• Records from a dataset
+++

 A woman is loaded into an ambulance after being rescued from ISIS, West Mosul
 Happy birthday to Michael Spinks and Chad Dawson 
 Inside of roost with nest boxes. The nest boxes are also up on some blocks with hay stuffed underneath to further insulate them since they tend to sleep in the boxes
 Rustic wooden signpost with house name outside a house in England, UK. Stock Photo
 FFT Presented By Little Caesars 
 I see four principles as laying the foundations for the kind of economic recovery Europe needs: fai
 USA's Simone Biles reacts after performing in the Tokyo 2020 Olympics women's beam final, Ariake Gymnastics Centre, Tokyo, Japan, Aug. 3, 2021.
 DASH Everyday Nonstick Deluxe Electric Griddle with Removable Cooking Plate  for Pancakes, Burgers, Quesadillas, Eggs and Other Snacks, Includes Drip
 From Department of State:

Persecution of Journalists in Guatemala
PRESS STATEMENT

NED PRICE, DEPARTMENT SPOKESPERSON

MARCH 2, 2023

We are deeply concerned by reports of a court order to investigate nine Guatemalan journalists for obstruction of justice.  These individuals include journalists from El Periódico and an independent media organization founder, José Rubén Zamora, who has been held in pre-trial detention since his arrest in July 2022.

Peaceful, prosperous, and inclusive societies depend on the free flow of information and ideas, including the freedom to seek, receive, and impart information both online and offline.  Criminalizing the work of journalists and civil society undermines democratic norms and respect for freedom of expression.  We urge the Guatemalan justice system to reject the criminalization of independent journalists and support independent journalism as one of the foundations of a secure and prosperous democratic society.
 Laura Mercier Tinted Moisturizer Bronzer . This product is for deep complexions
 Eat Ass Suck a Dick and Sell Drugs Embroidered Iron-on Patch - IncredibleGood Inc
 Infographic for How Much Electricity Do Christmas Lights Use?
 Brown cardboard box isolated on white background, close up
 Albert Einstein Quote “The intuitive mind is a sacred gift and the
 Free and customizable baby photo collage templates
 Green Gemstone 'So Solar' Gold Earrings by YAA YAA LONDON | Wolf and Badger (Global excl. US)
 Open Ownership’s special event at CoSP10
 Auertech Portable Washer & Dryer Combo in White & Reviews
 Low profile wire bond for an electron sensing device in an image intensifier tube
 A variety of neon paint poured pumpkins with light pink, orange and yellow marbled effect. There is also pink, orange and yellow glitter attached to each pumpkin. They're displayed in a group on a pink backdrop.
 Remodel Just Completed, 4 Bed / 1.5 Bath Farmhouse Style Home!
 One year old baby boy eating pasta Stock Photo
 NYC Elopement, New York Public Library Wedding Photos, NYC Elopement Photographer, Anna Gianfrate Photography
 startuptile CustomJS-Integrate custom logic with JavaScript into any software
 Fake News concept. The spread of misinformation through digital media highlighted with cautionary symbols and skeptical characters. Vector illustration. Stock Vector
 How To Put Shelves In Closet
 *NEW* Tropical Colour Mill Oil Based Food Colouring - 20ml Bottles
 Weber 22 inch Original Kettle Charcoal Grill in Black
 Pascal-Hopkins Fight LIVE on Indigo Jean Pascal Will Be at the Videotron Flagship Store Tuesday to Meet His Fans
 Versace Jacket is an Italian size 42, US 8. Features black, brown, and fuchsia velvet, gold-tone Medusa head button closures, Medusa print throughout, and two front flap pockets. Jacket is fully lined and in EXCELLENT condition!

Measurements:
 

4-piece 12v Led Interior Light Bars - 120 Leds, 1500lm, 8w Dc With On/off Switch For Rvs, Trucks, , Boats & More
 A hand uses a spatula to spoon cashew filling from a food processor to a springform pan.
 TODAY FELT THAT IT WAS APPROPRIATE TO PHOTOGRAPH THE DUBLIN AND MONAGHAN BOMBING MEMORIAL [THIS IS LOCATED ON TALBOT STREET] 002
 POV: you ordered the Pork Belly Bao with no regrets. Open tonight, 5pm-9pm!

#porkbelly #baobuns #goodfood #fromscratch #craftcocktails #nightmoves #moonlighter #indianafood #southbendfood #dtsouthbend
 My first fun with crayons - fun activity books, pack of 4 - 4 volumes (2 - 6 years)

+++

• WORK REQUIRED
Supply only the number of lines above in which "into" occurs.

• RESPONSE
2